Demorou muito para eu entender que ter sido criado numa família que não praticava agressividade me colocava em desvantagem em relação às outras crianças bem mais bestiais. Boa parte das minhas dificuldades de socialização na infância e adolescência eram resultado de parecer mais fraco que meus pares por não agir de forma agressiva. Foi só na vida adulta que eu realmente peguei o jeito de me adaptar a esse tipo de comportamento e saber como baixar a fervura do brasileiro médio antes de lidar com ele.

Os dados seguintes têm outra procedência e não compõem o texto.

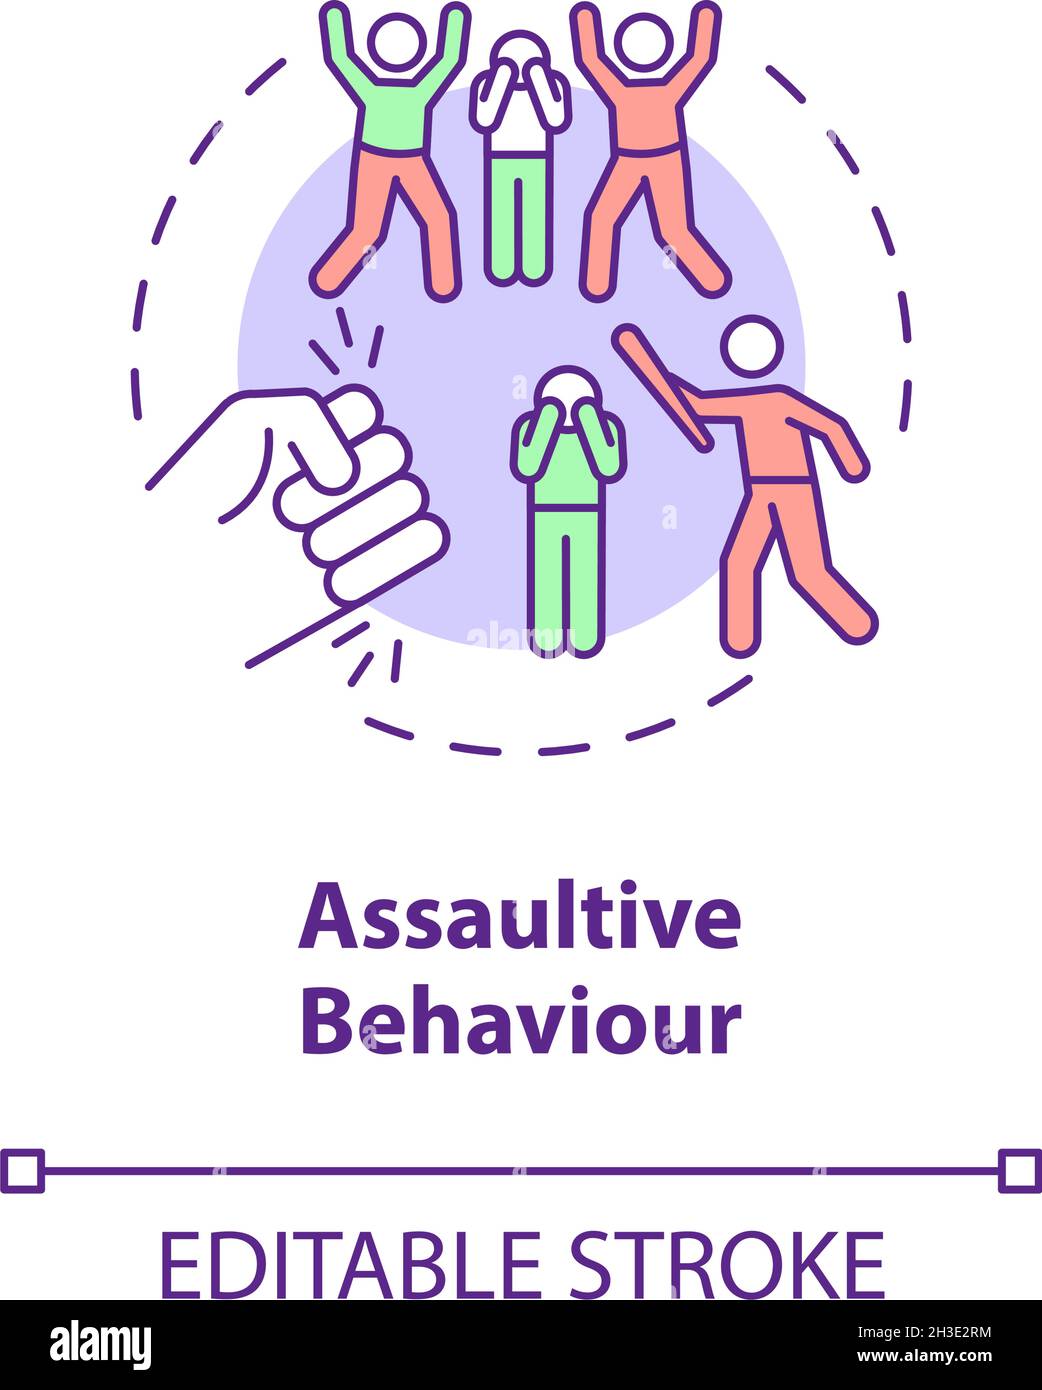 Assaultive behavior concept icon Stock Vector

A pessoa agressiva tem medo de ser vítima de outros agressores, afinal, se ela age dessa forma, é bem provável que tenha aprendido que é matar ou morrer nessa vida. Se você conseguir tirar dela o medo de “morrer” nas suas mãos, as suas chances melhoram. É o tipo da coisa que só experiência ensina, e é claro, tudo fica mais fácil quando você é um homem branco maior que a média desnutrida do país. O que funciona para mim pode não funcionar para você. Mesmo com a melhor das intenções, eu projeto alguma força física e proteção social com a minha aparência.

Mas isso é só um exemplo, afinal, o foco deste texto é sobre eu precisar ter uma estratégia para lidar com a violência do brasileiro médio. Todo mundo tem que aprender a se defender e não ser oprimido facilmente pelo outro, mas daí a precisar saber como lidar com babuínos raivosos para funcionar em sociedade é um salto que denota fracasso na construção da sociedade brasileira.

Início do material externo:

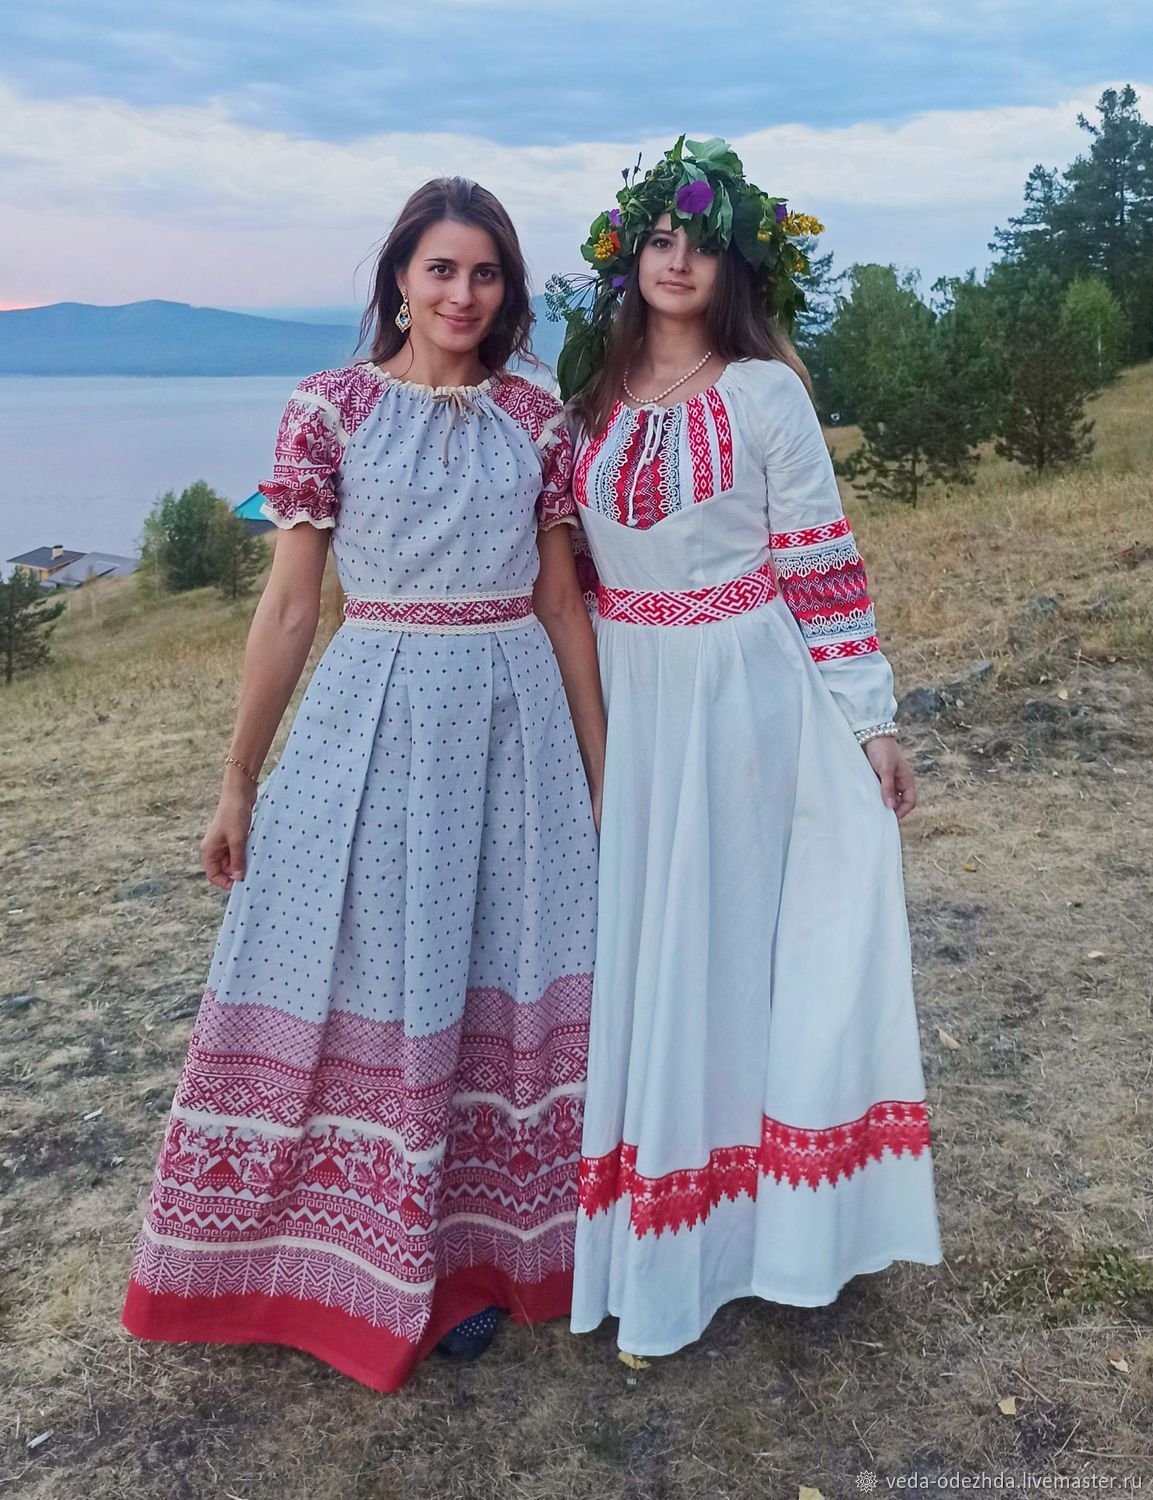 Русское народное платье

Não tem guerra aqui, as fronteiras são estáveis e nossos vizinhos incapazes de nos ameaçar. O país é feito de índios que foram massacrados, escravos e imigrantes aleatórios do mundo todo, gente que não tem disputas históricas por território ou religião nesta terra. Todo o caos social brasileiro é fruto de convivência relativamente recente e péssimas decisões políticas. O brasileiro médio é pardo, cristão e pobre. Uma amálgama de povos e culturas sem uma definição muito clara de comportamento tribal.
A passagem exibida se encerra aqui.